CLAY: Yes. That’s right. And for anyone out there who is listening to us right now, if you had to make the decision, if you’re gonna change your race or your gender, which one do you think would be more substantially altering of your life?
You mentioned somebody who’s got a large number of different racial backgrounds. Tiger Woods. Remember he famously called himself the Cablilnasian because he had all these different ethnic backgrounds all rolled into him, one of the greatest golfers in the history of the world.
It would be far easier for the majority of people out there to decide to identify as a different race than it would be to decide to change your gender.
This is one of those things where when you push left wingers on this.
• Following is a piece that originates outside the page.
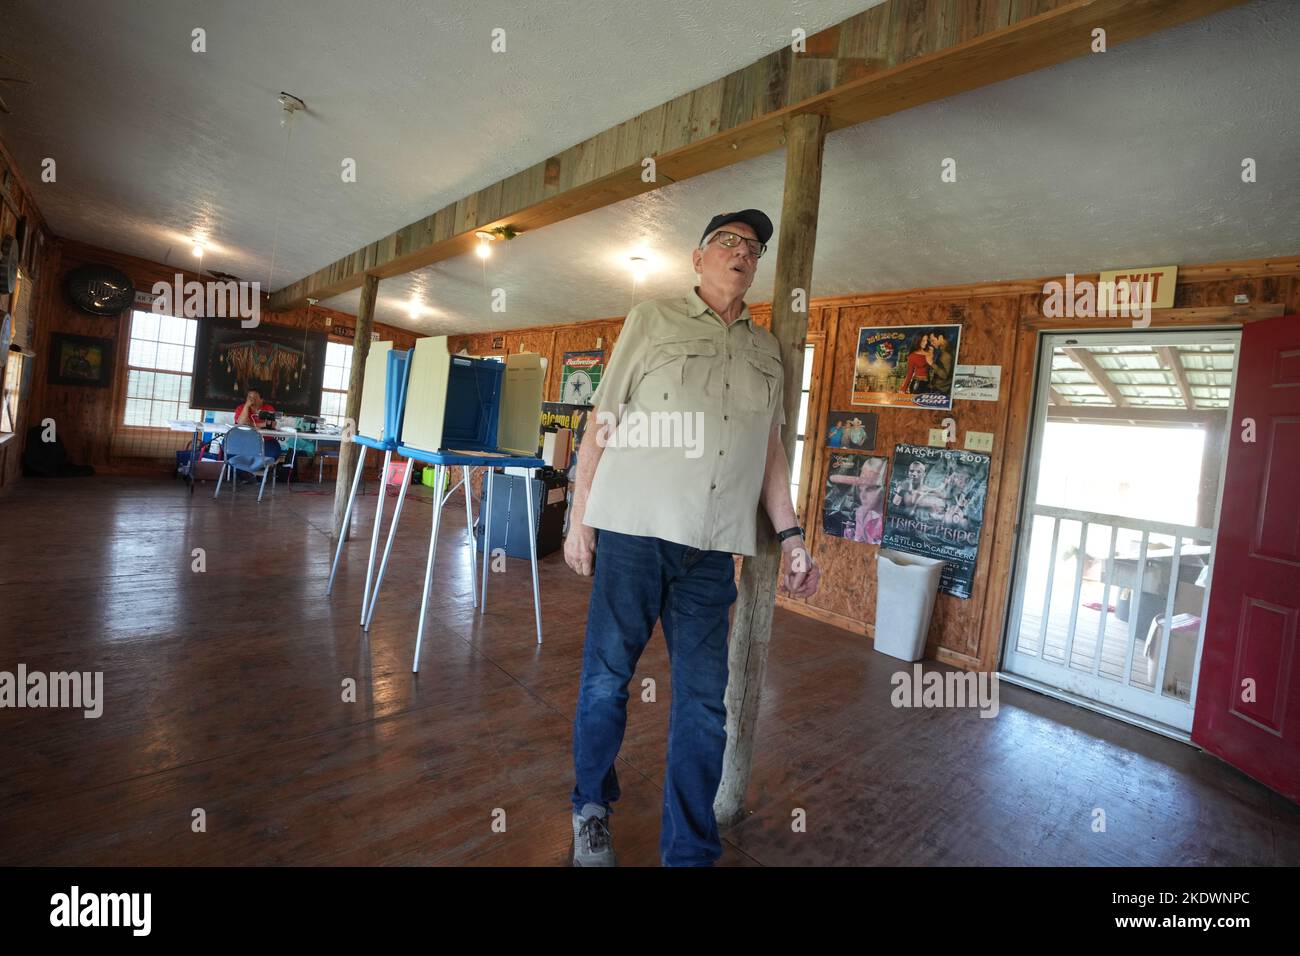 Live Oak County Texas USA, November 8 2022: Election Judge PHILLIP STORM waits in the old barbecue joint Ray's outside of Alice, Texas, for voters to arrive during the midterm elections in rural south Texas. The business has been closed about 15 years and is used regularly as a rural polling place. Credit: Bob Daemmrich/Alamy Live News Stock Photo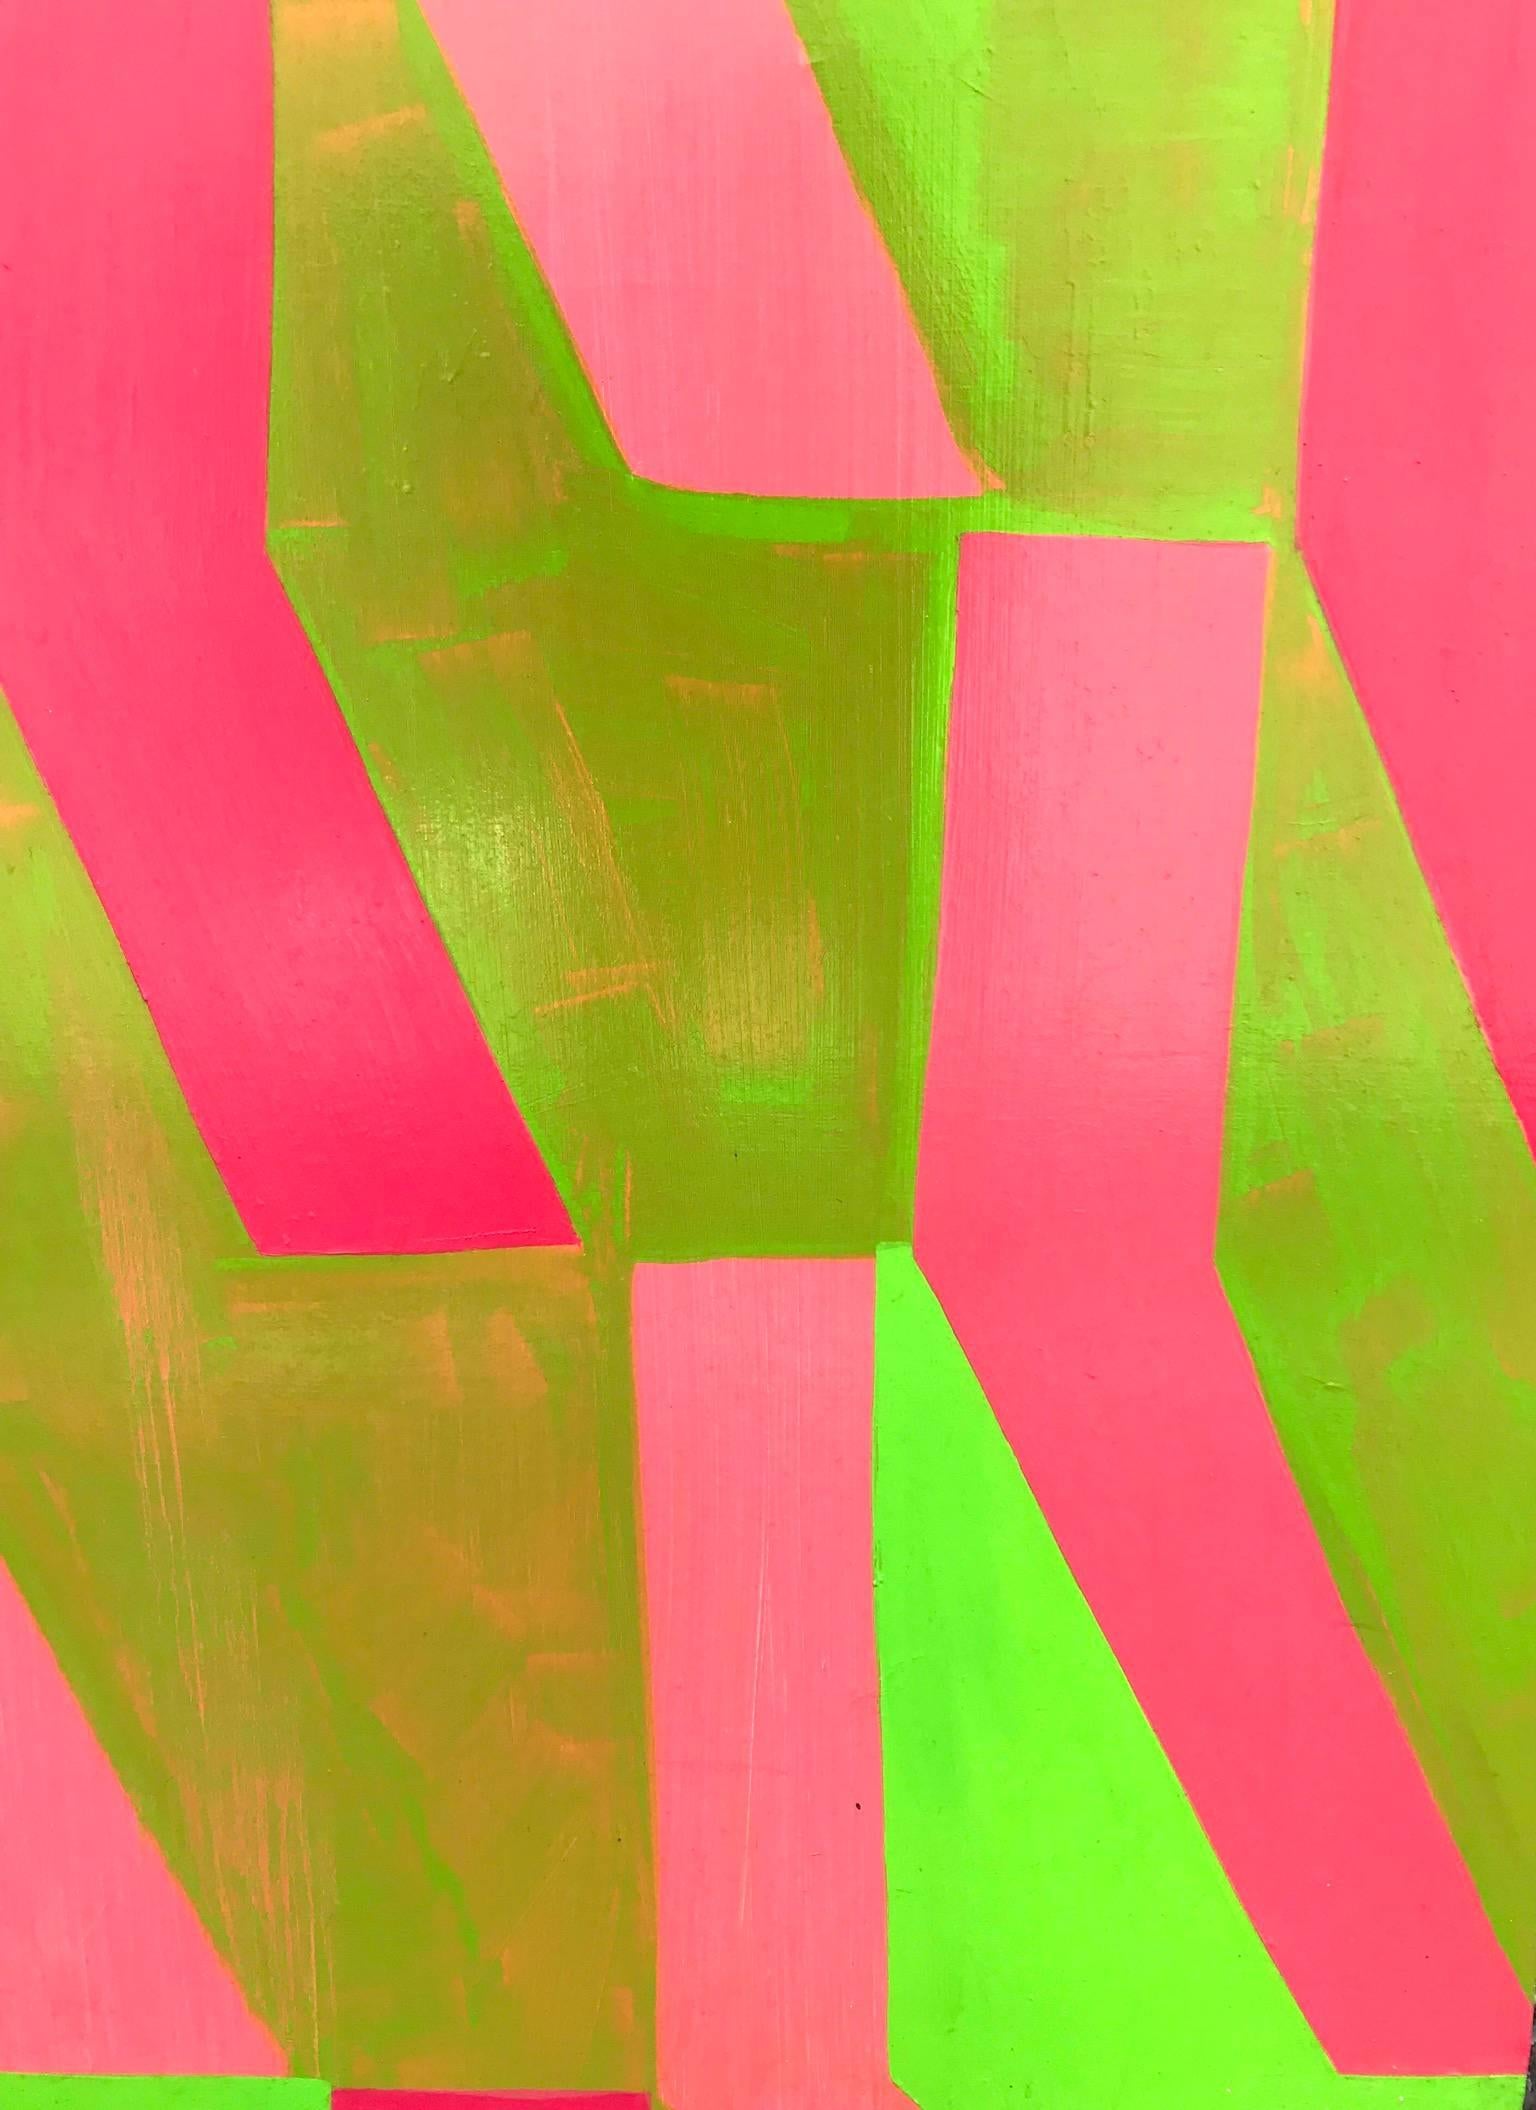 Large vibrant abstract oil painting on line by Washington DC area artist Kate Sable, 2011.

I’ve never heard a good example, a good argument of why changing your gender isn’t far more significant than changing your race and why they’re treated so inherently differently.
BUCK: I mean, also it’s clear that there’s identity politics at work in this in terms of the narrative. I mean, for example — people will say, Kamala Harris they’ll say is the first black female vice president. Fine. You much less frequently hear, though, she’s also the first south Asian female vice president. I think it’s worth asking, I mean, why do we do that so much?
CLAY: Does heritage not matter? Yes. So it’s an interesting point. And I think it’s emblematic of the upside down world we live in where USA Today is naming this man as one of the women of the year. It’s very, very strange, Buck.
BUCK: Major media organizations are literally naming men as women of the year.
CLAY: Yes.
BUCK: This is what wokeness is in 2022, everybody. If you wanted an encapsulation of it, there you have it.
CLAY: And the greatest swimmer in college history could be a man this week with what’s going on at the UPenn swimming championships down at Georgia Tech.